WHAT YOU ARE ASKED TO DO
For this task, copy all of the data below exactly and skip the pictures.

SUPPLIED MATERIAL
• • •

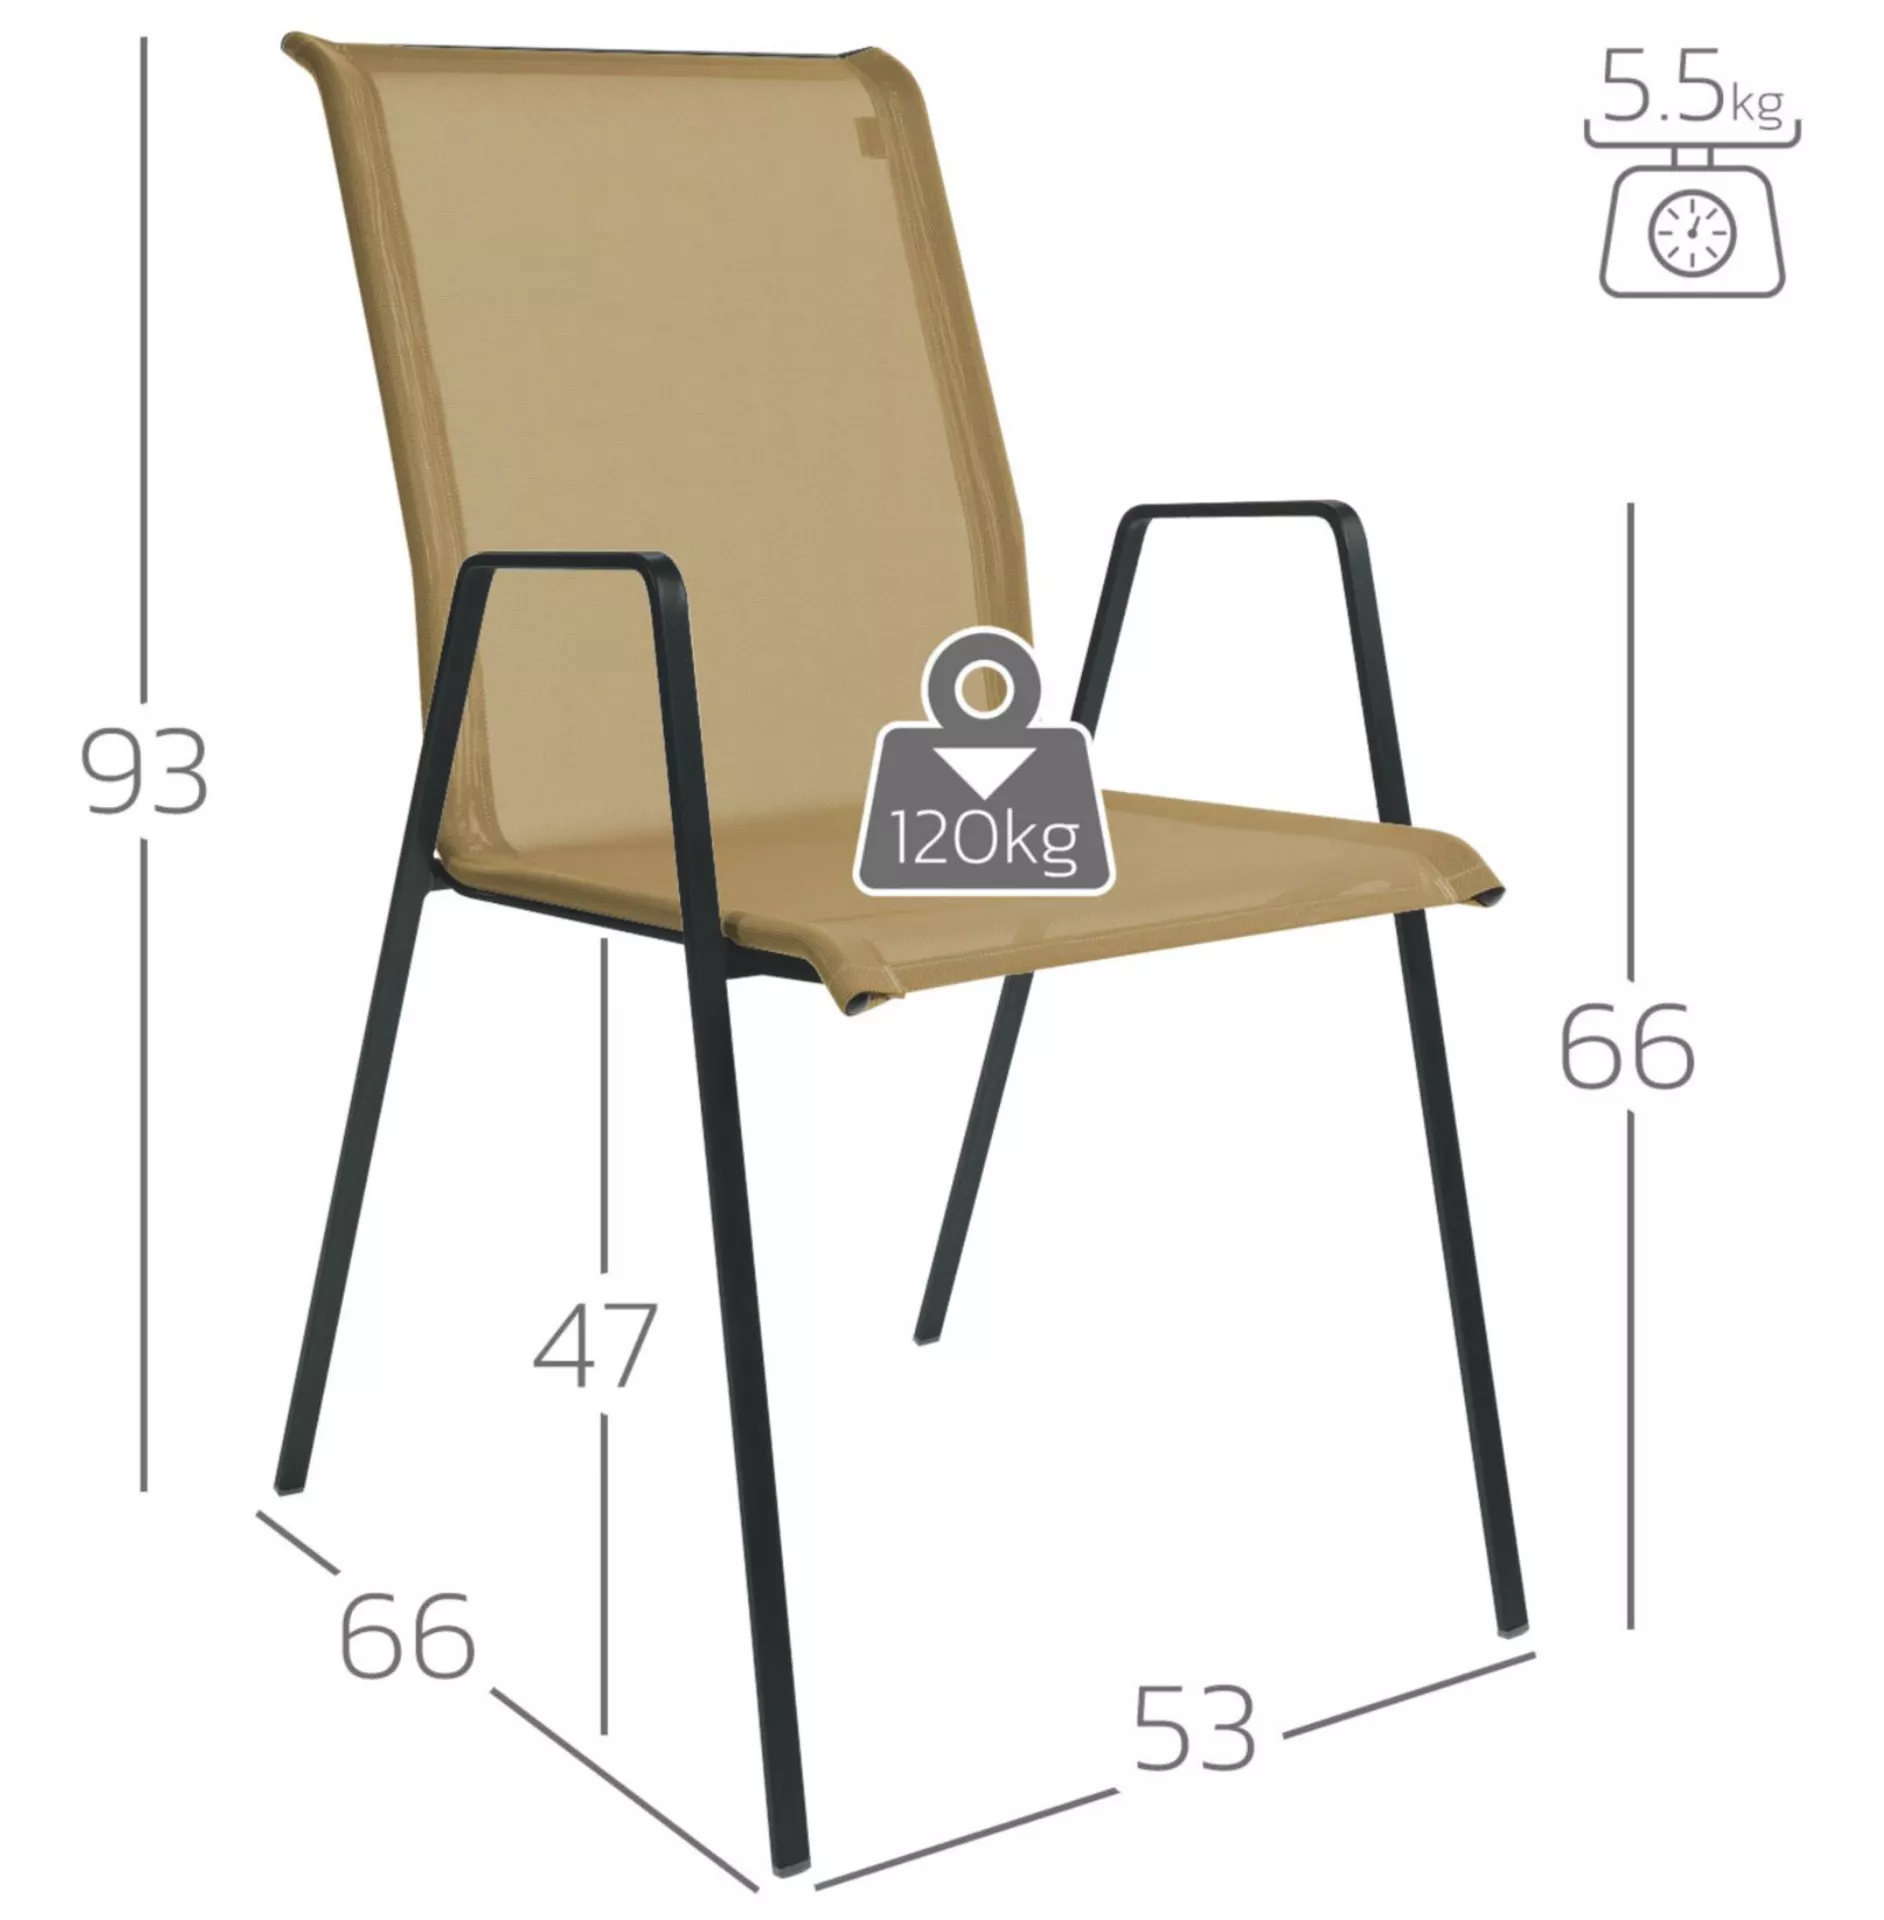 Matten-Sessel Luzern Schaffner / Farbe: Weiss
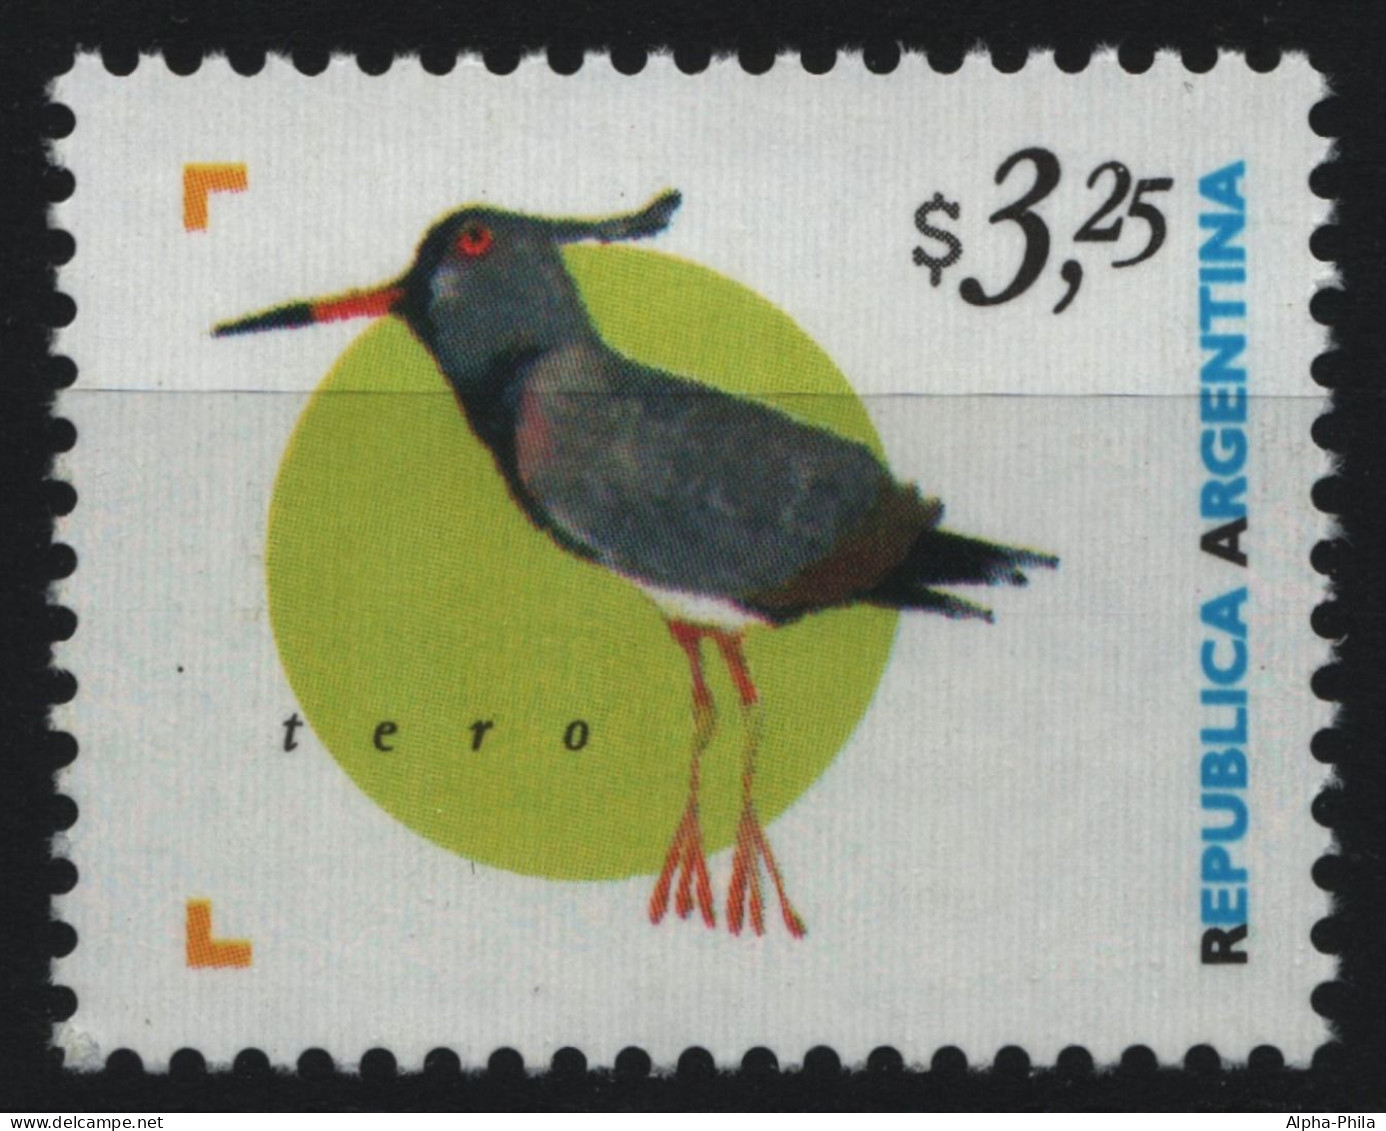 Argentinien 1998 - Mi-Nr. 2419 ** - MNH - Vögel / Birds - Ungebraucht
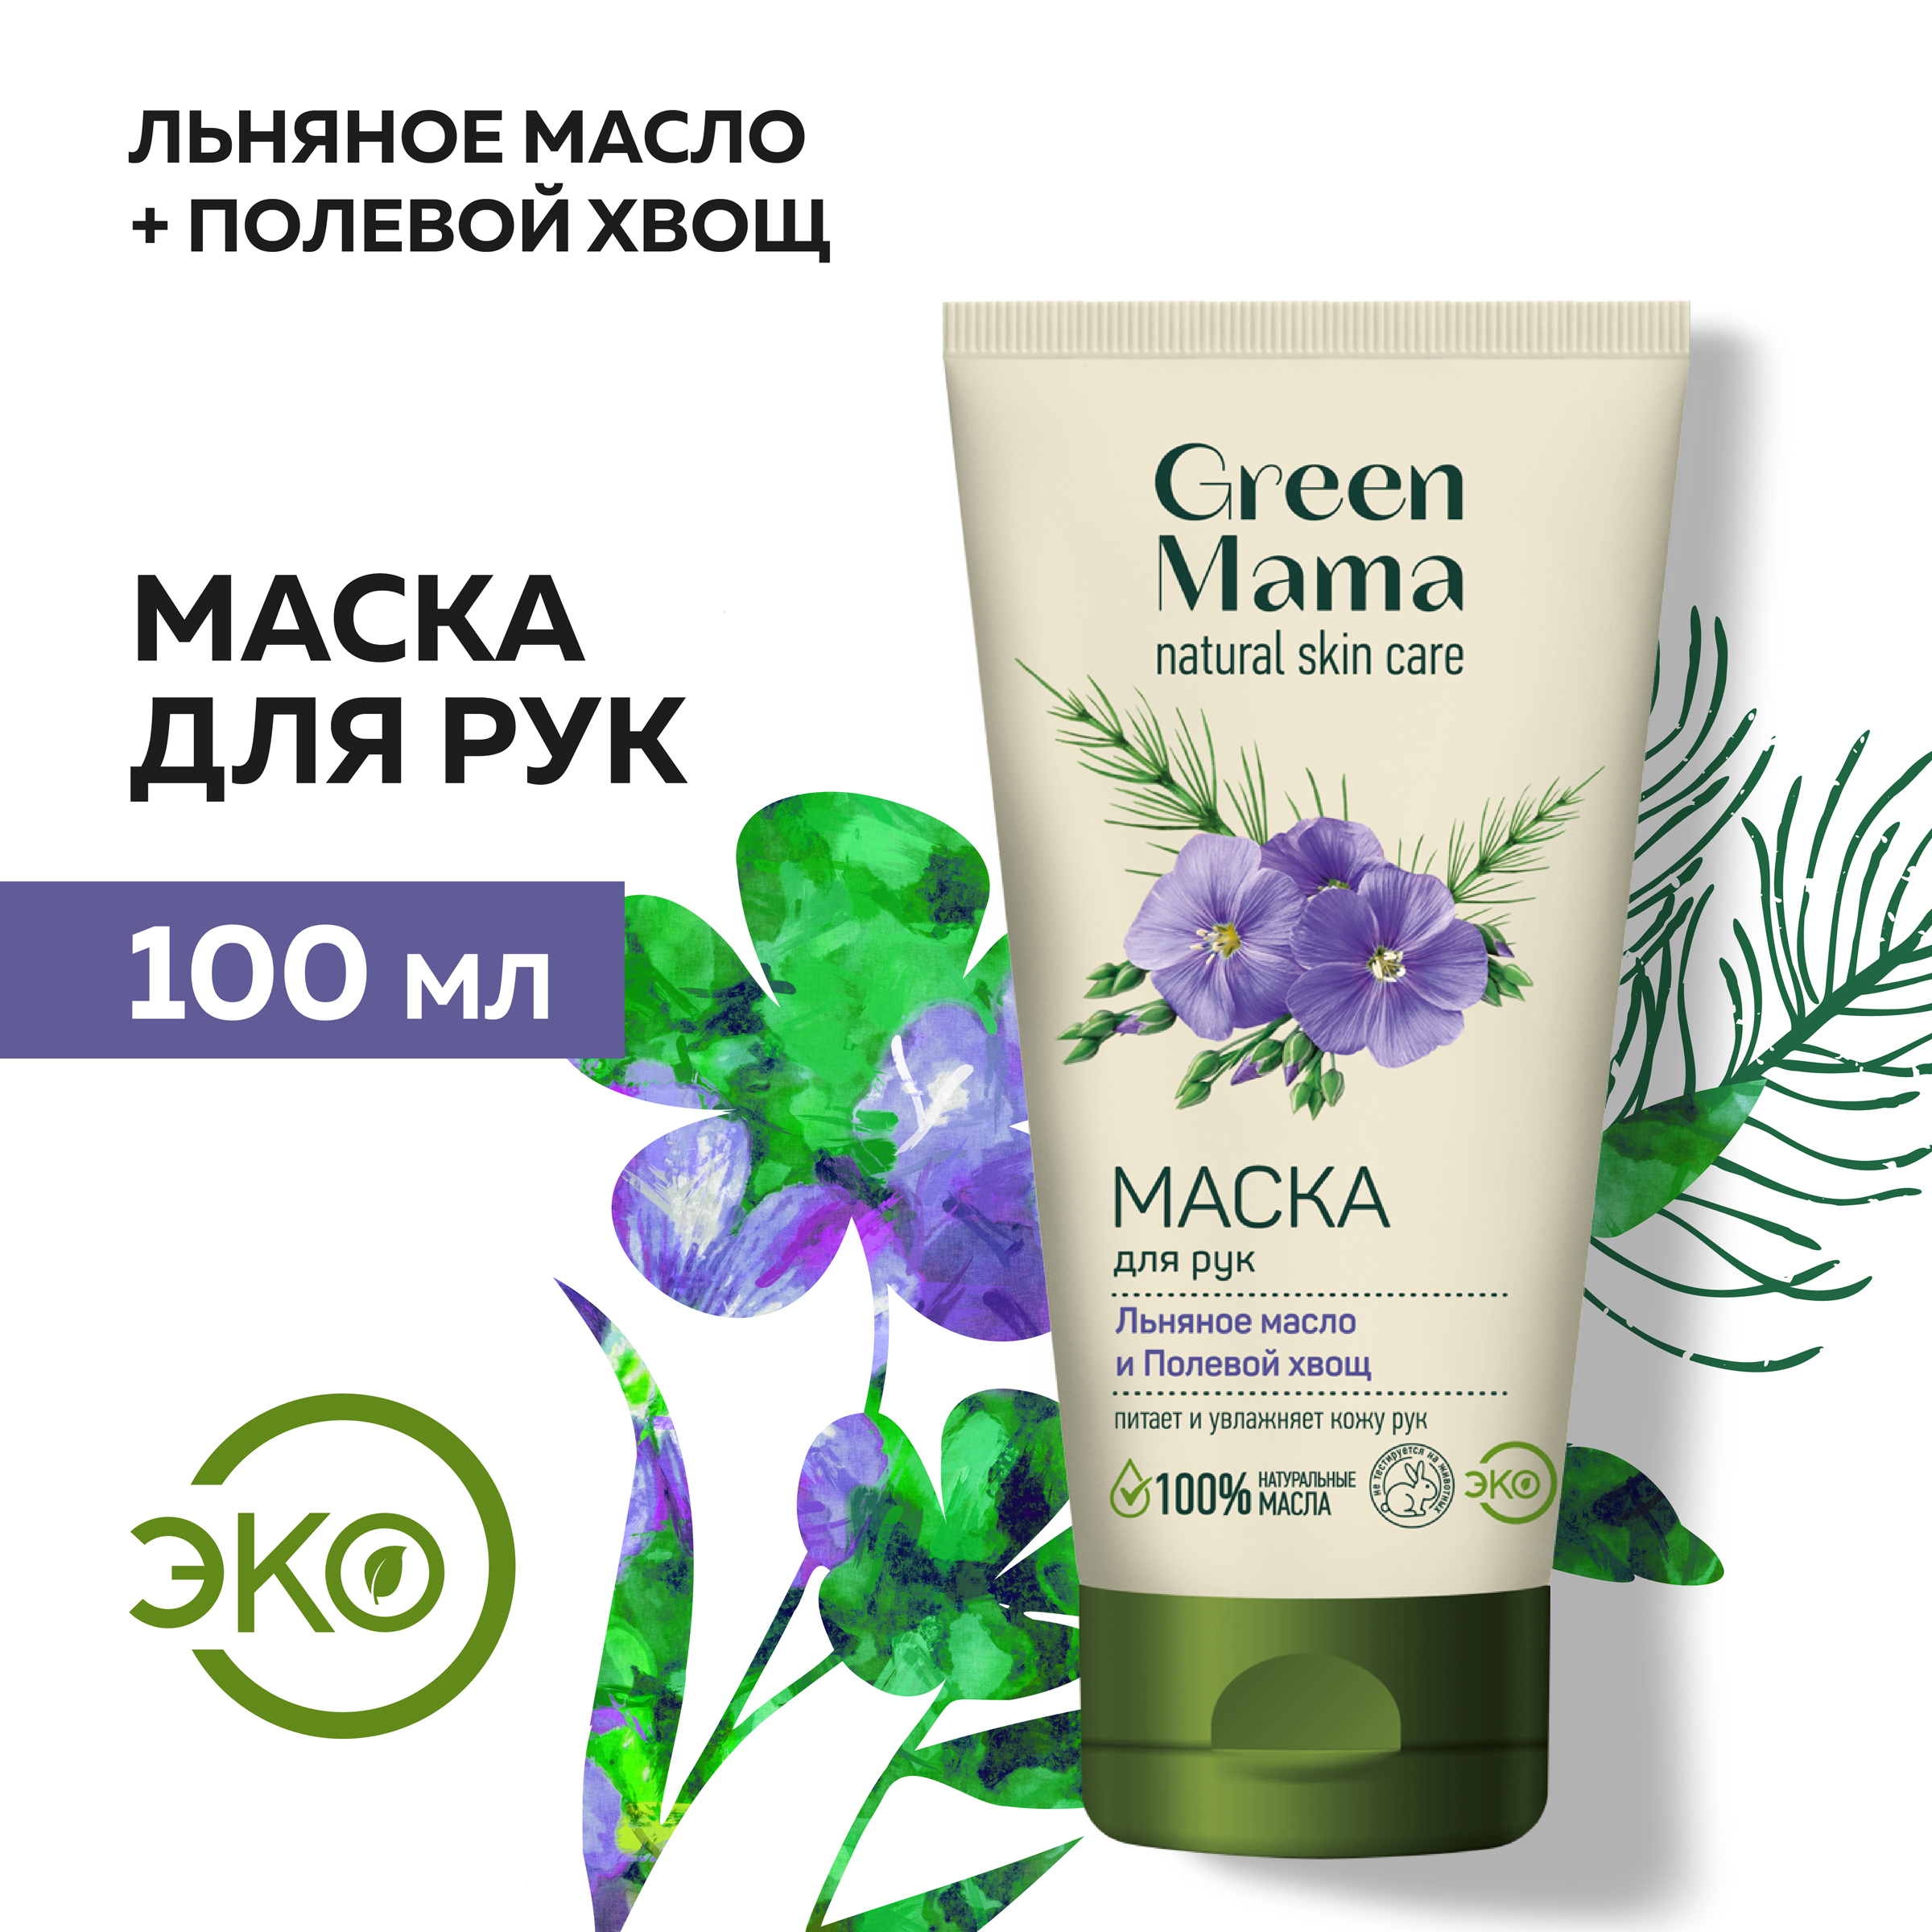 Маска для рук Green Mama Льняное масло и полевой хвощ 100 мл green mama маска для рук льняное масло и полевой хвощ natural skin care

• • •

OUTPUT
 Matten-Sessel Luzern Schaffner / Farbe: Weiss
 Argentinien 1998 - Mi-Nr. 2419 ** - MNH - Vögel / Birds - Ungebraucht
 Маска для рук Green Mama Льняное масло и полевой хвощ 100 мл green mama маска для рук льняное масло и полевой хвощ natural skin care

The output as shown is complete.